Work instruction
Copy out the data in full and exactly, passing over the pictures.

Source material
####

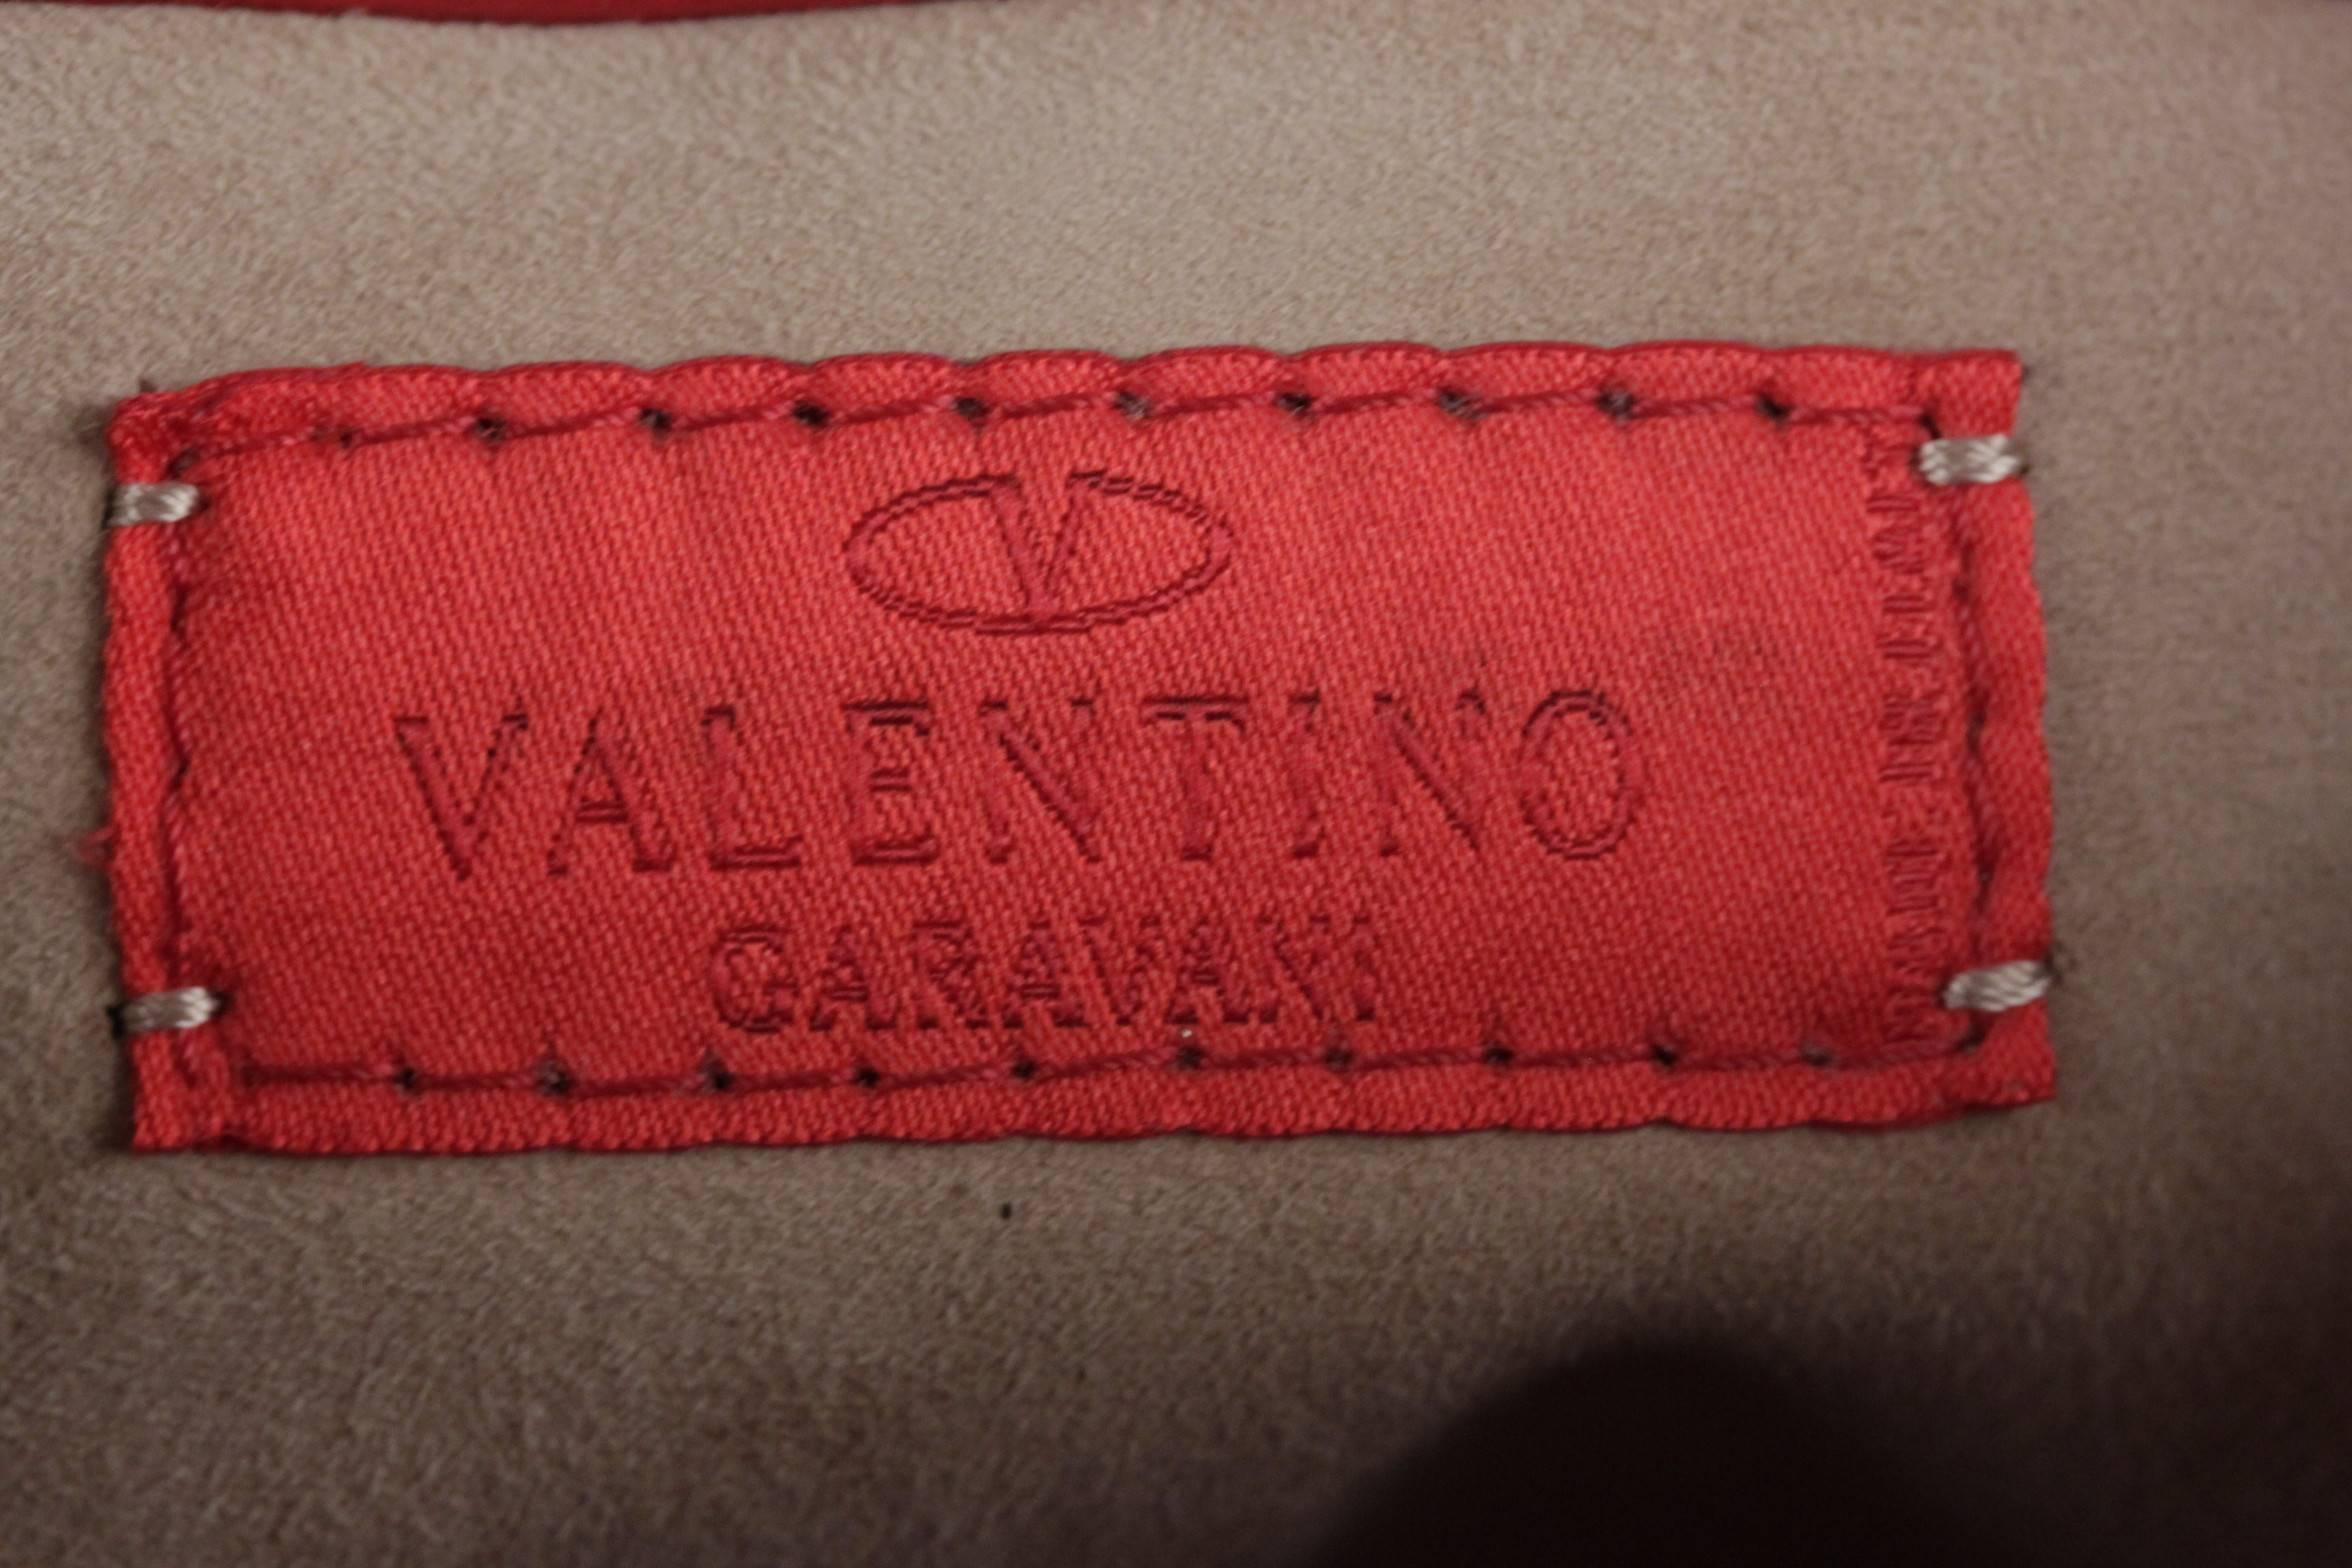 VALENTINO GARAVANI Red Leather SHOULDER BAG Handbag w/ FRONT POCKETS 4
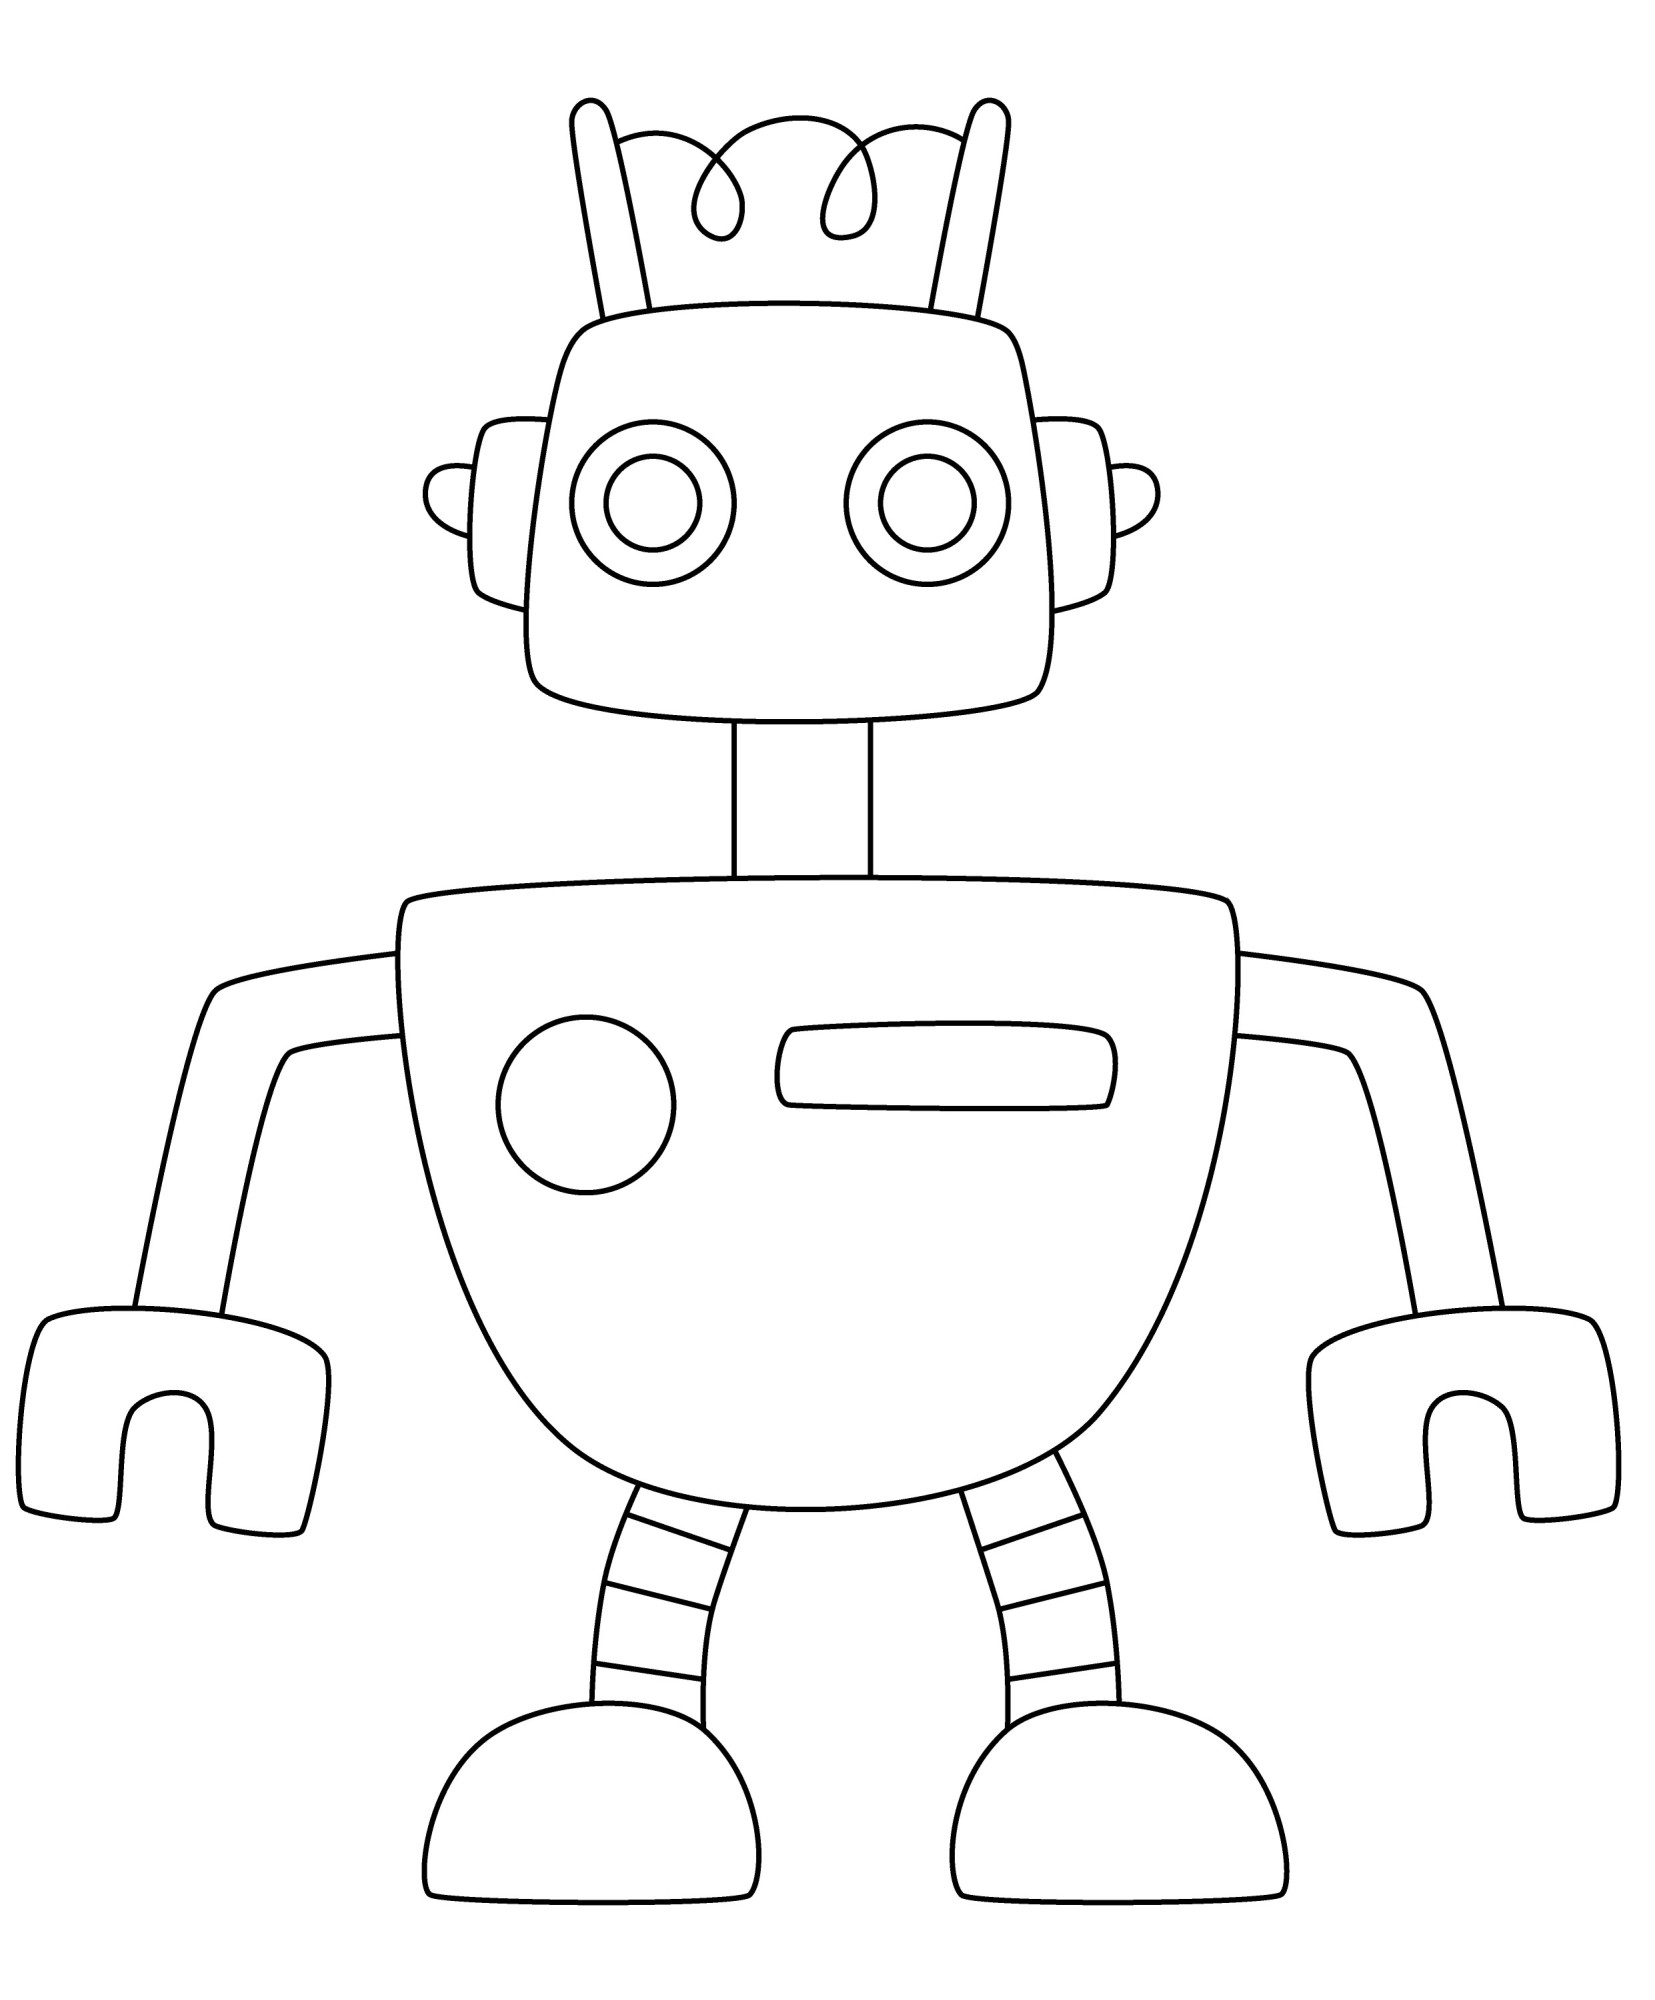 Раскраска для детей: мини ретро робот «Быстрые ноги»
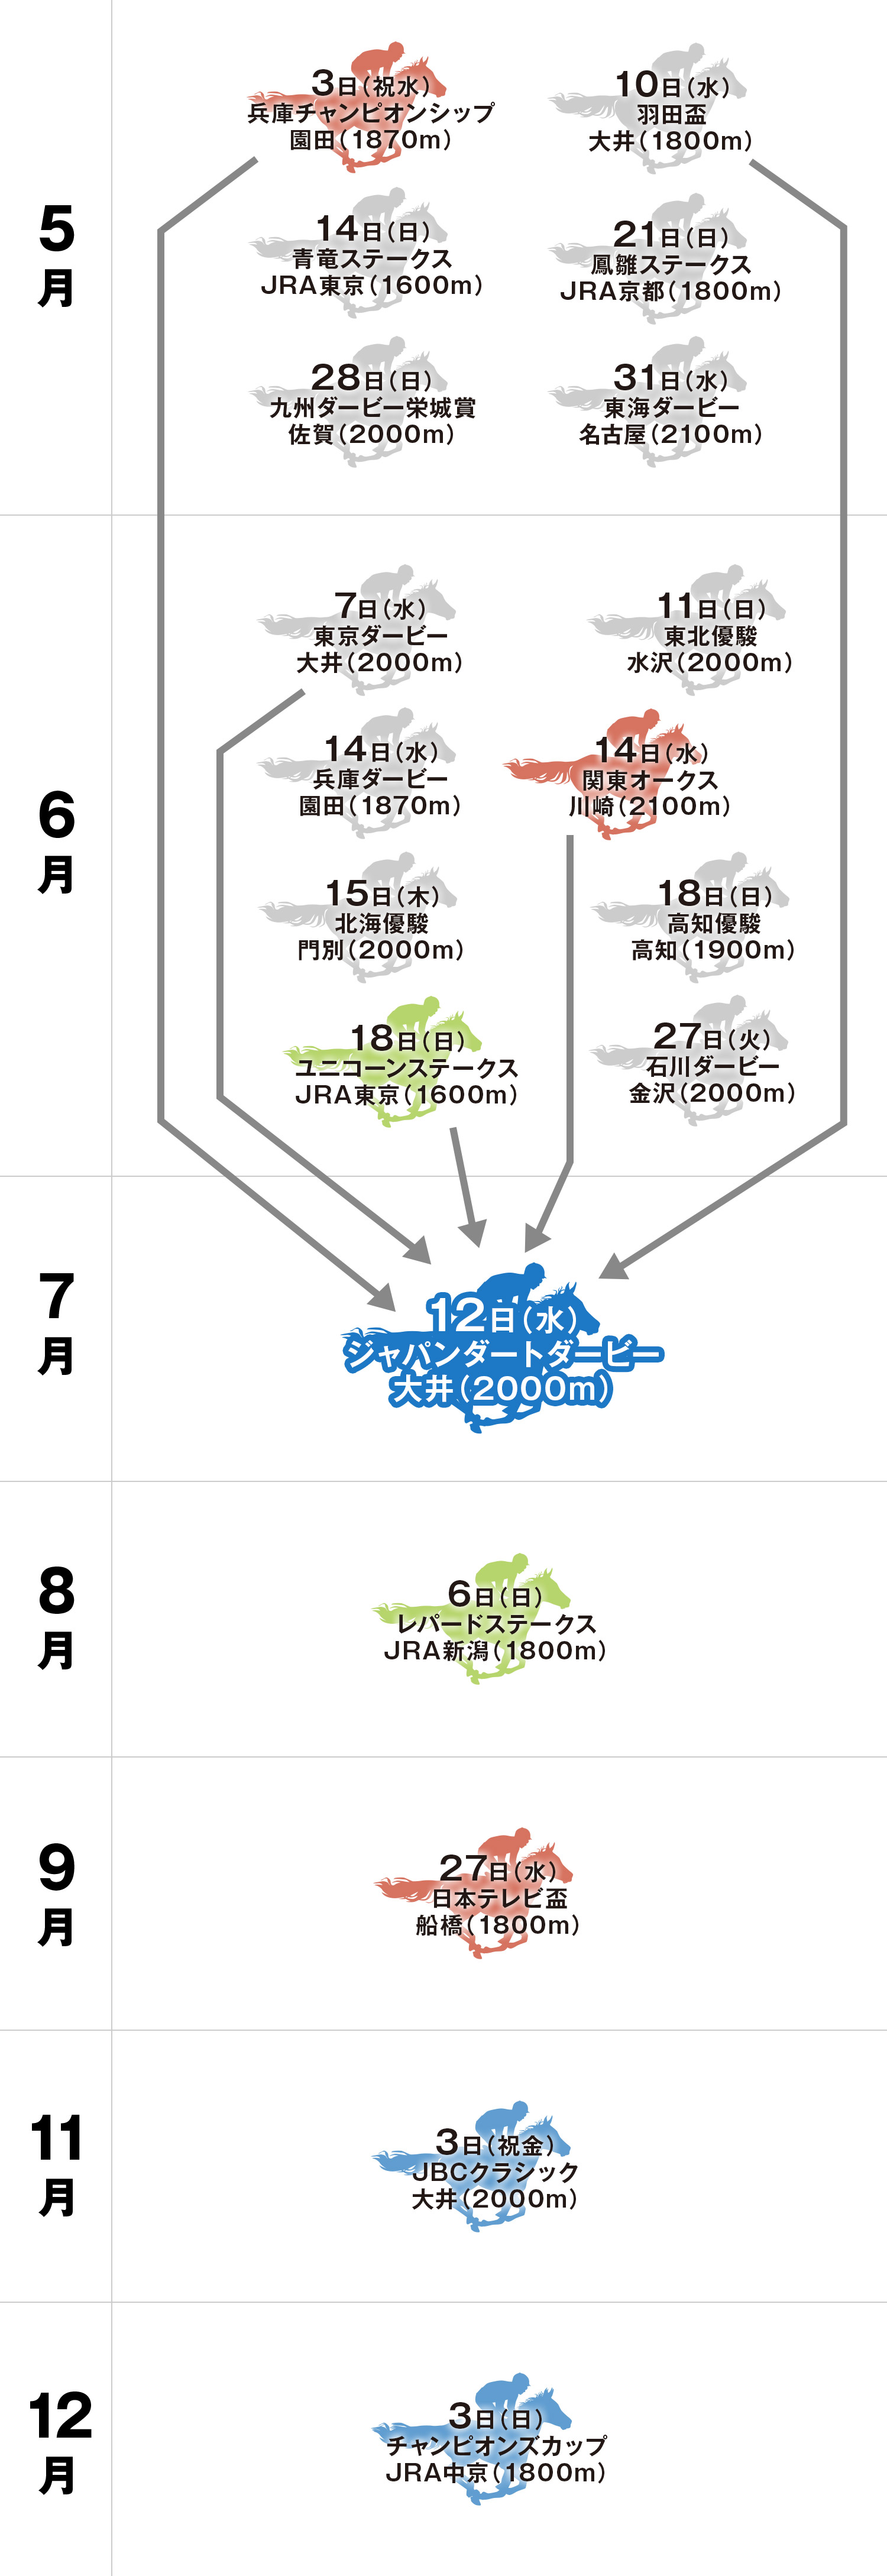 ジャパンダートダービー 体系図

####

Your solution
 VALENTINO GARAVANI Red Leather SHOULDER BAG Handbag w/ FRONT POCKETS 4
 Раскраска для детей: мини ретро робот «Быстрые ноги»
 ジャパンダートダービー 体系図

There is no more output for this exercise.